■ **Task goal**:
Beginning with the line containing "SUPER POWERS #1, #2, #3" and ending with the line containing "Pantofi K-Energy S3", write out each line of the records below exactly; pictures and lines outside that range are left out.

■ **Supplied material**:
※

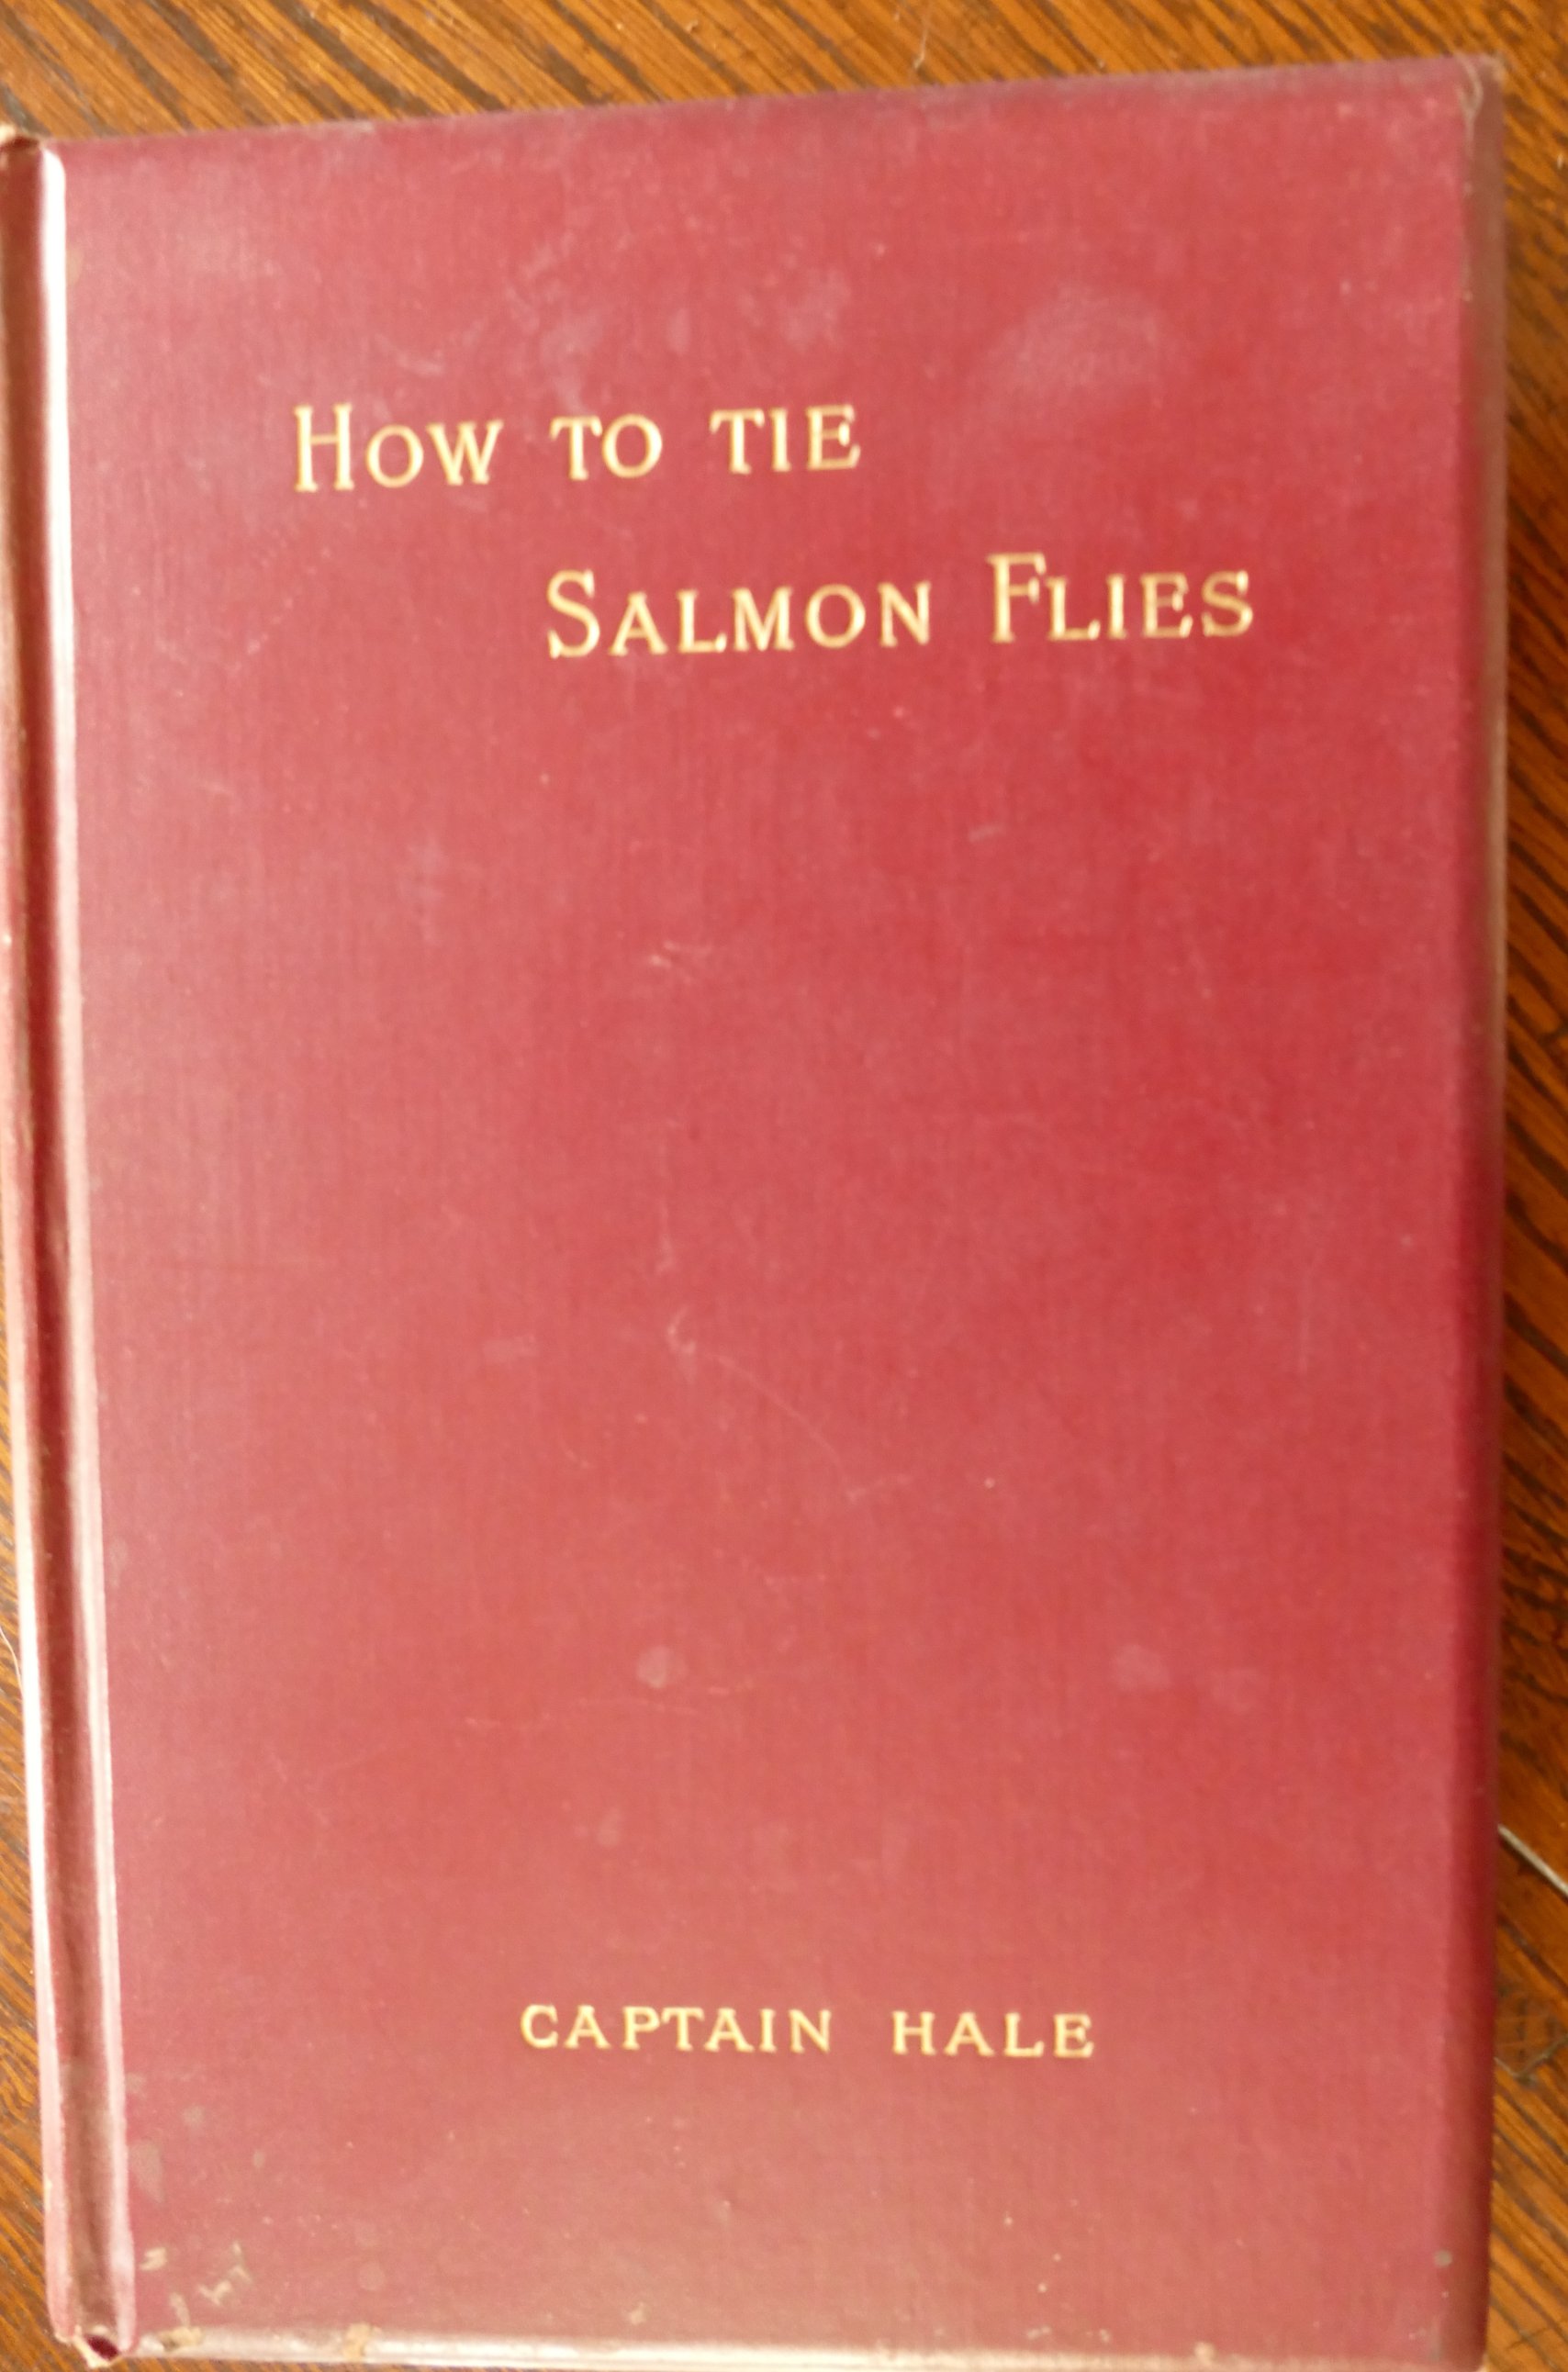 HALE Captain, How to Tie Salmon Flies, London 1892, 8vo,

※

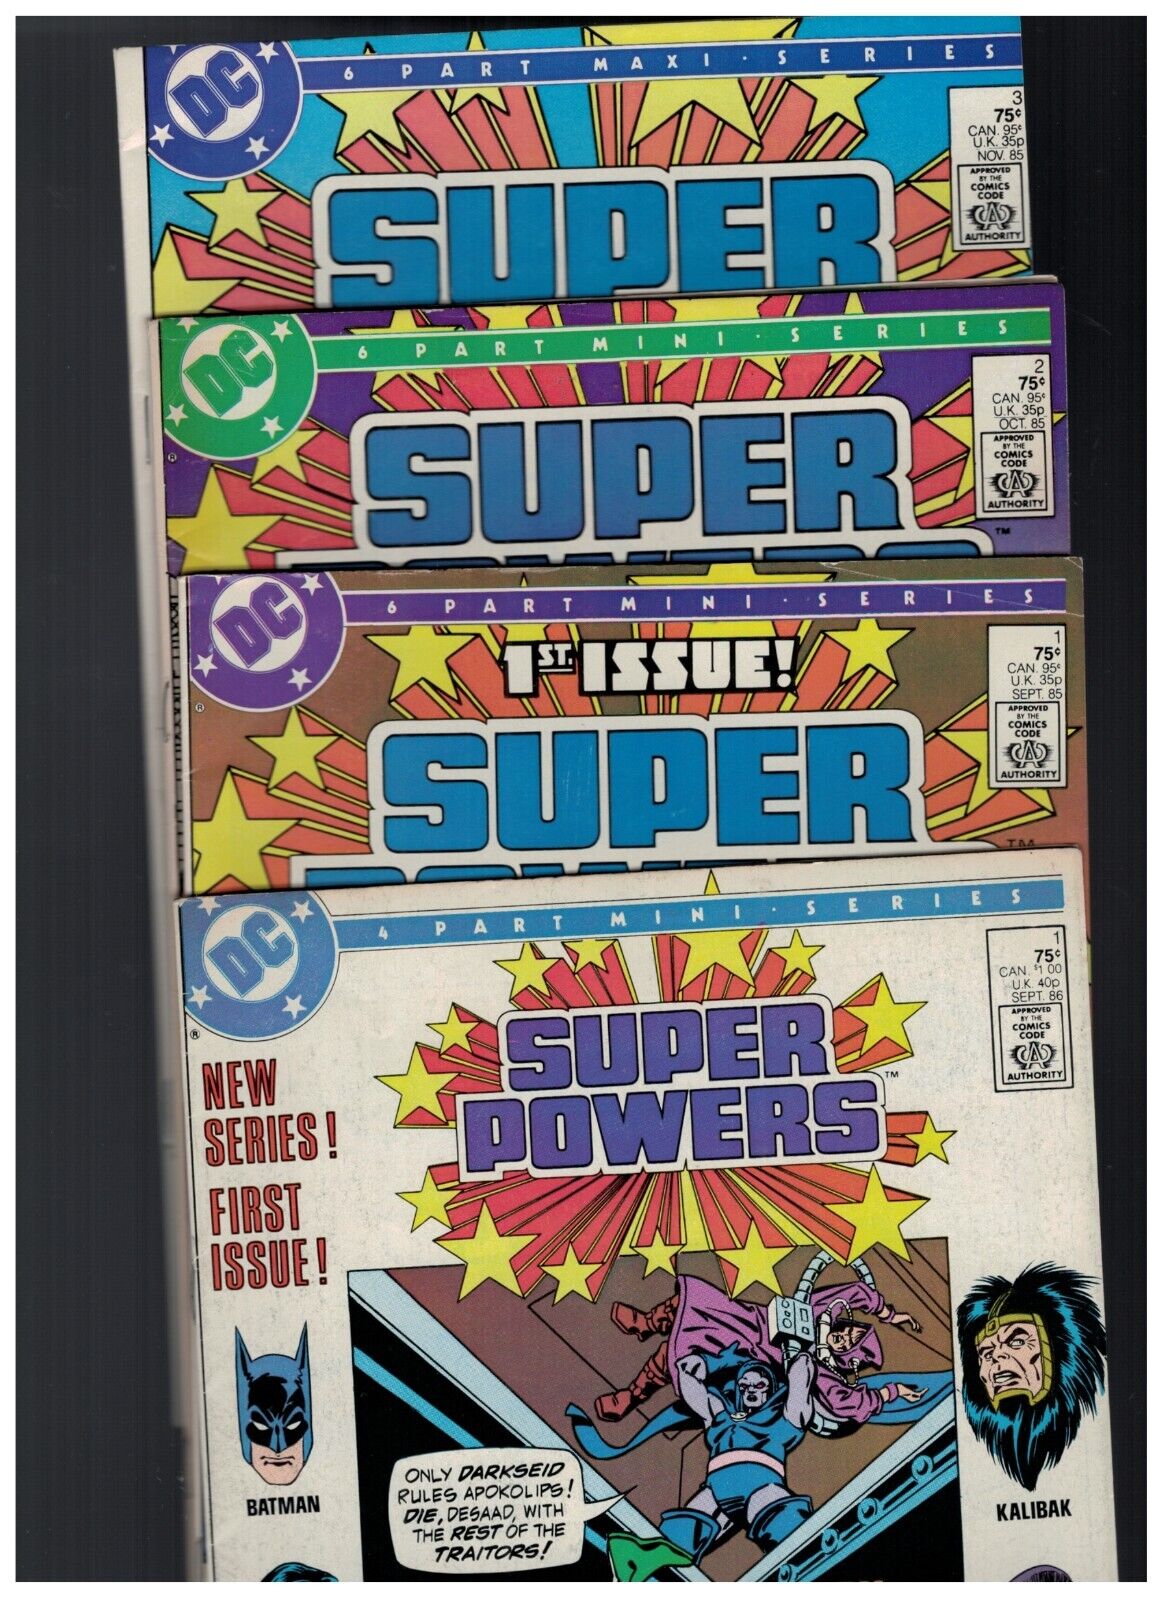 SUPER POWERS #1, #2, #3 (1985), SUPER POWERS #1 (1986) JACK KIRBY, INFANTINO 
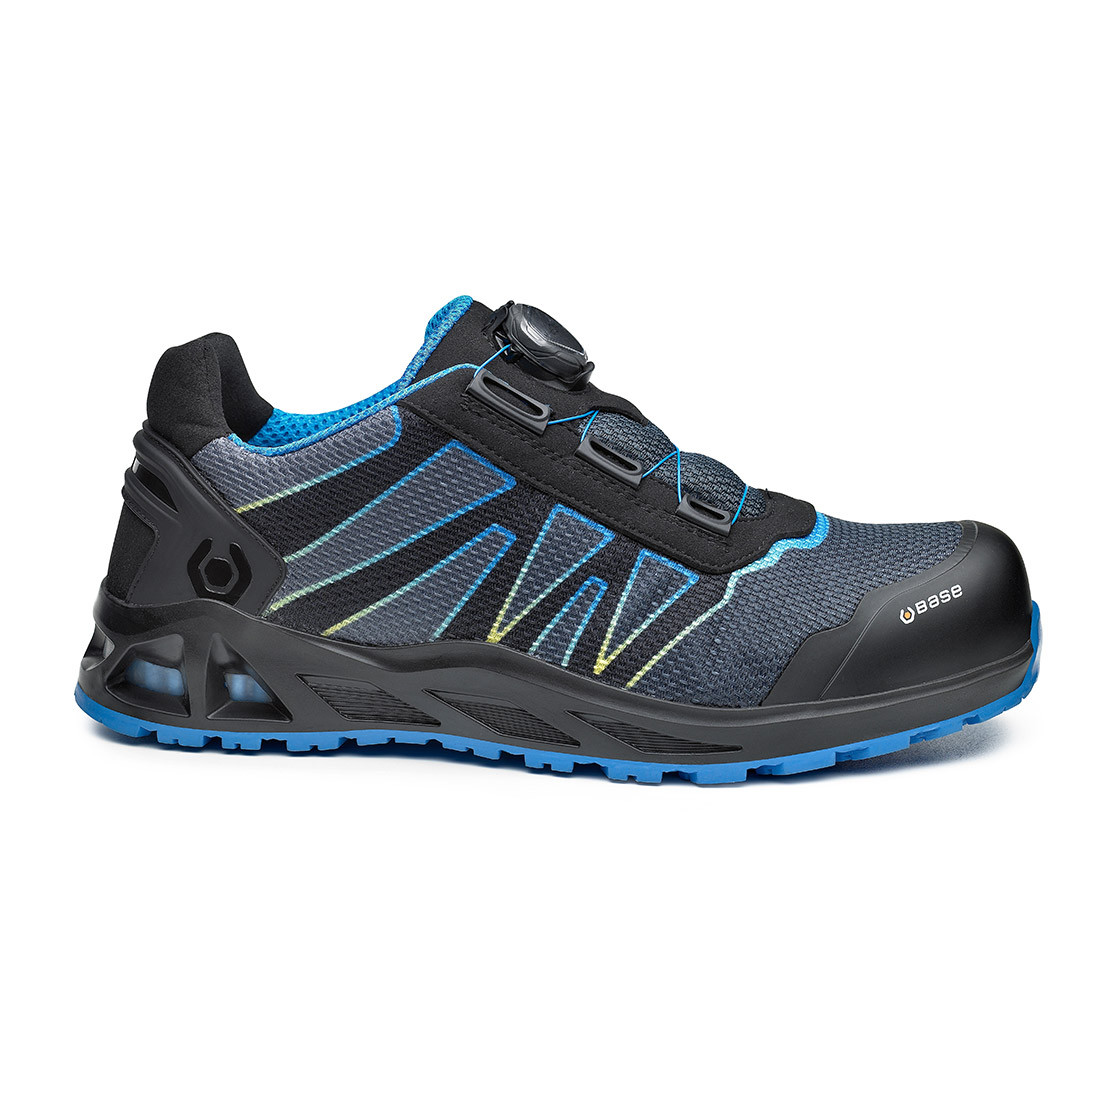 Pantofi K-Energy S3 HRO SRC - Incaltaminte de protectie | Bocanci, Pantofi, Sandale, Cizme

※

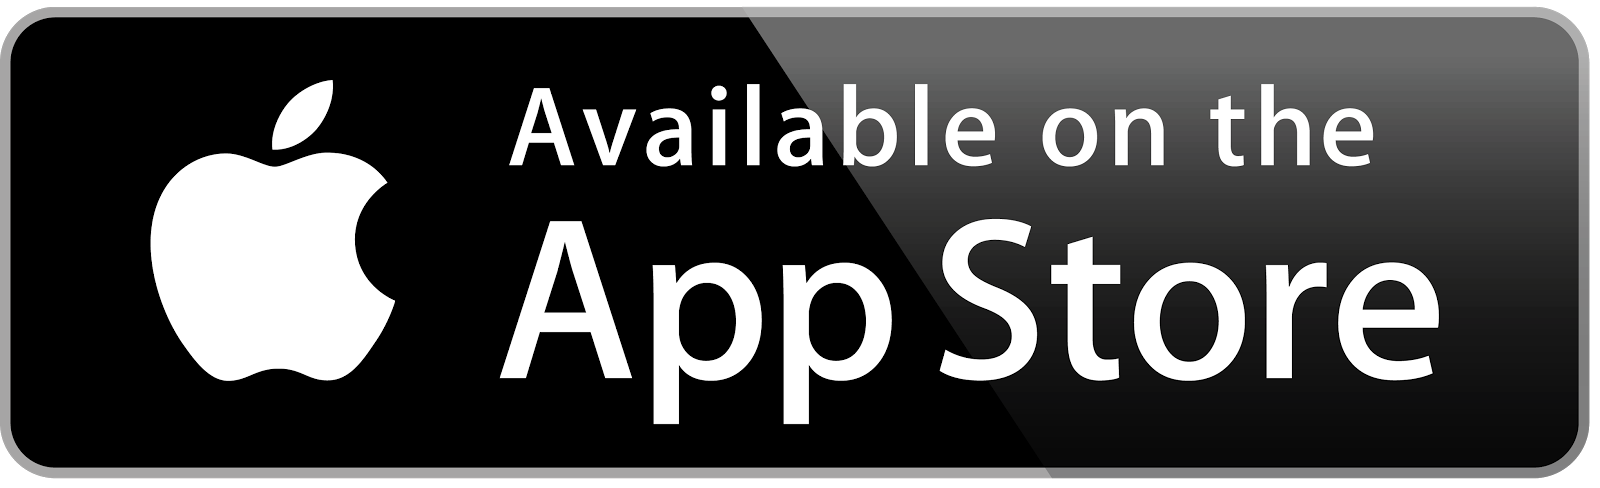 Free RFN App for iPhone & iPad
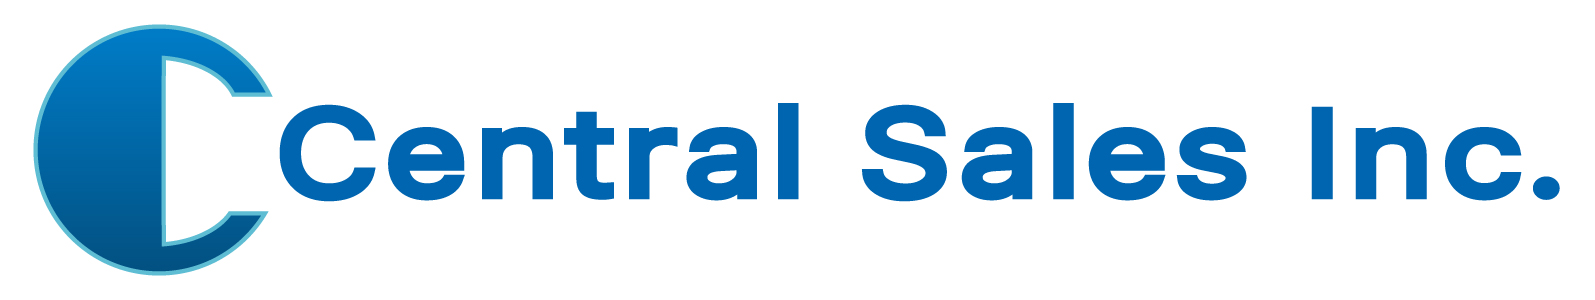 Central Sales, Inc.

※

■ **Result for this task**:
 SUPER POWERS #1, #2, #3 (1985), SUPER POWERS #1 (1986) JACK KIRBY, INFANTINO 
 Pantofi K-Energy S3 HRO SRC - Incaltaminte de protectie | Bocanci, Pantofi, Sandale, Cizme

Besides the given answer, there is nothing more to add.